---------- Exercise data
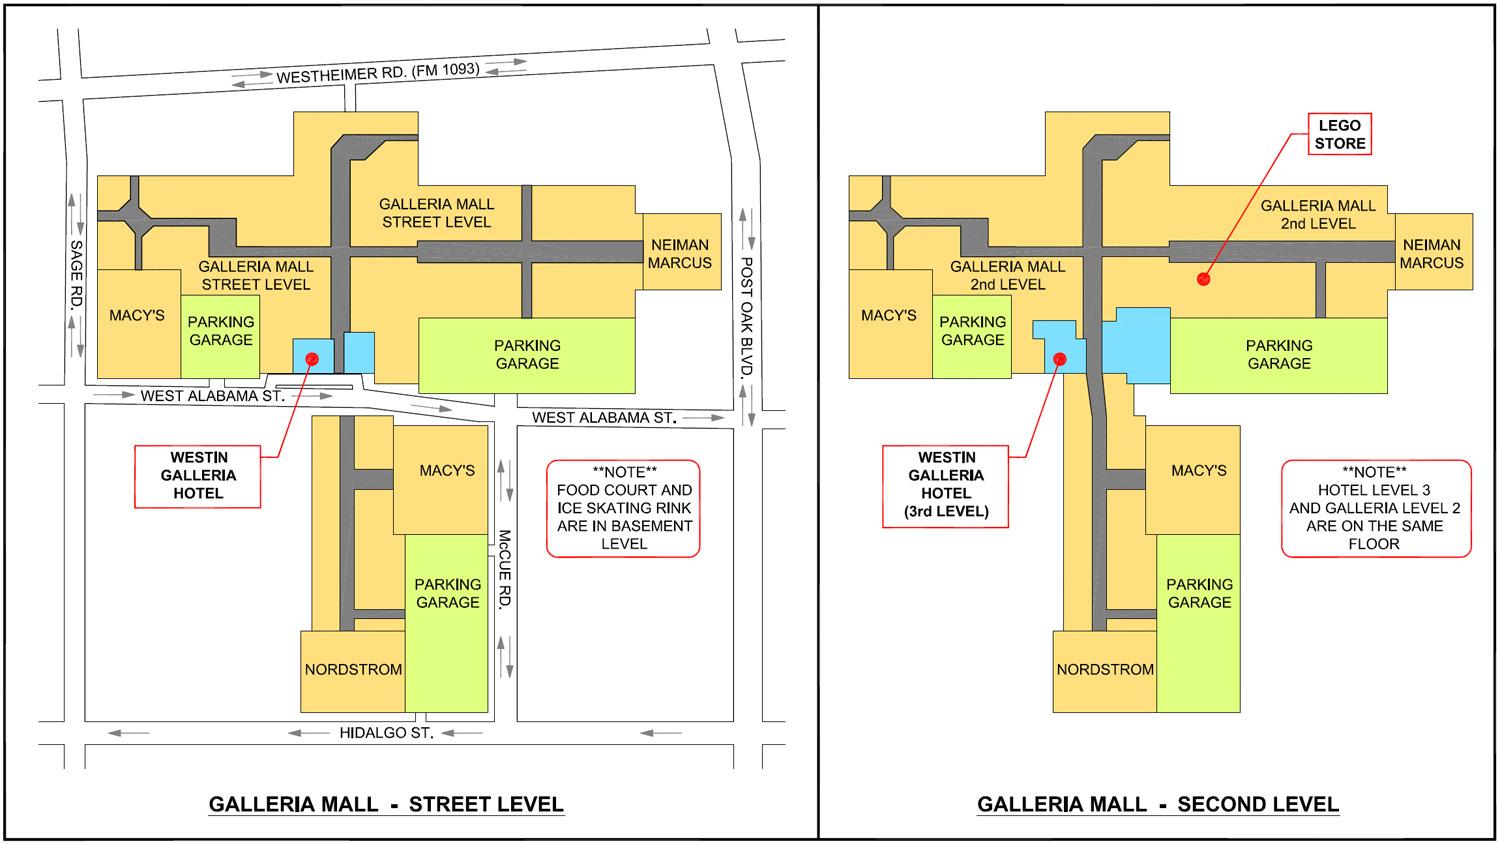 houston galleria mall map Galleria Mall Map Houston Galleria Mall Map Texas Usa houston galleria mall map
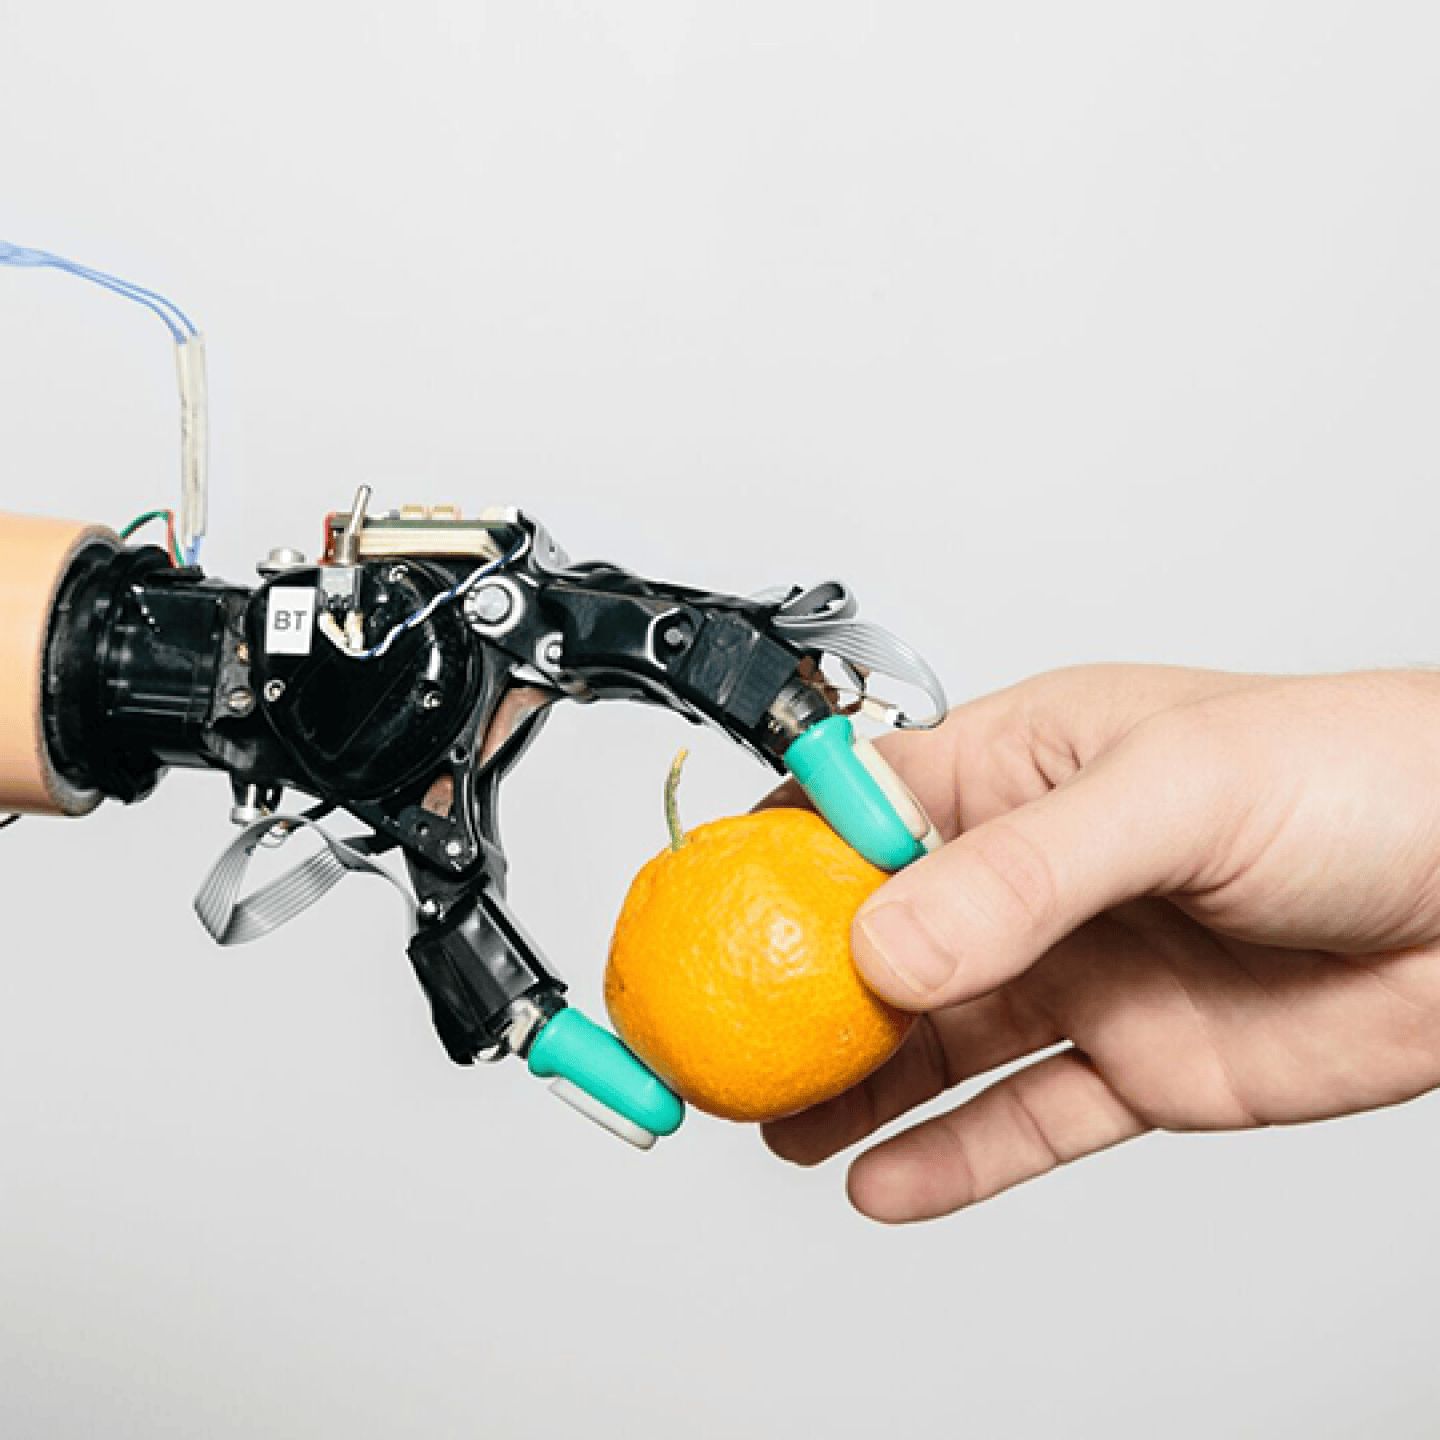 Mano de un robot cogiendo una naranja de una mano humana.
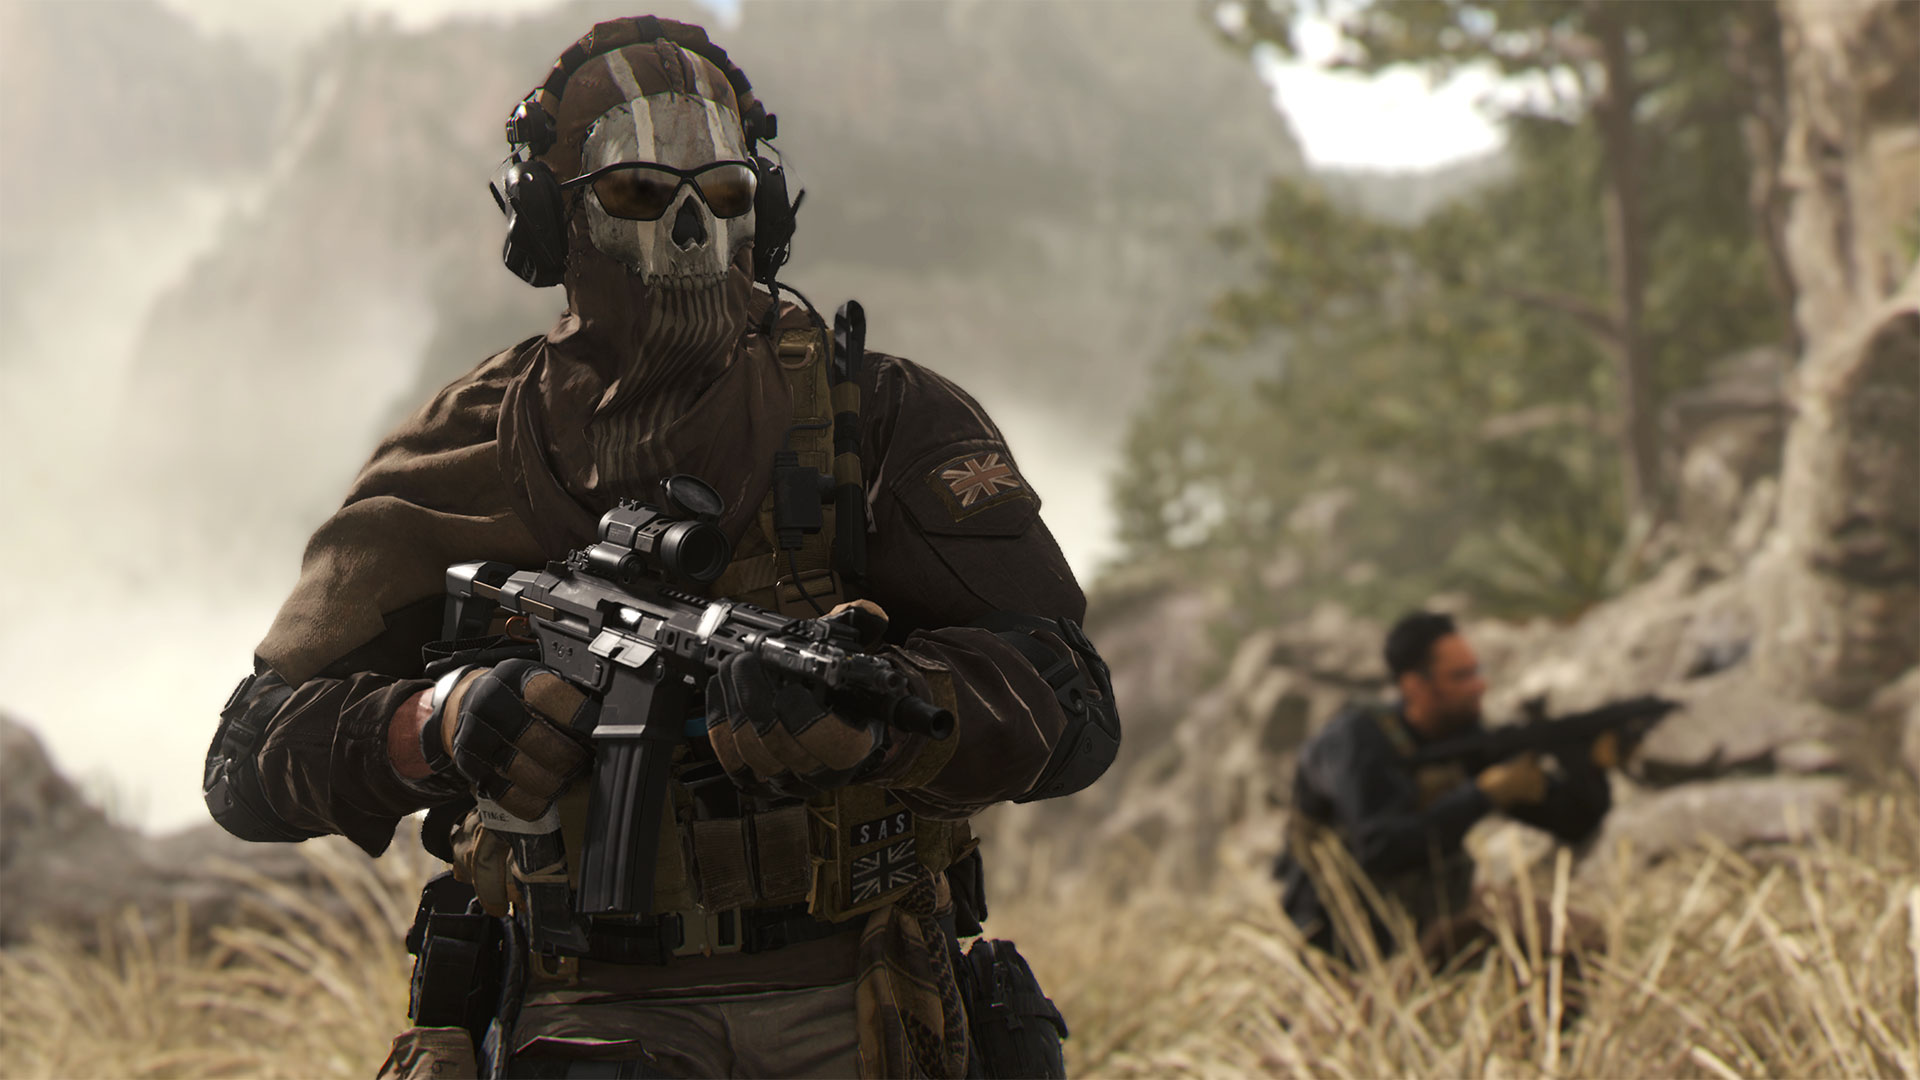 ✅ Call of Duty: Modern Warfare II Beta Access GLOBAL 🌎
--------------------
| Work task |
Give the data again exactly as it stands, apart from the pictures.

| Task response |
 houston galleria mall map Galleria Mall Map Houston Galleria Mall Map Texas Usa houston galleria mall map
 Mano de un robot cogiendo una naranja de una mano humana.
 ✅ Call of Duty: Modern Warfare II Beta Access GLOBAL 🌎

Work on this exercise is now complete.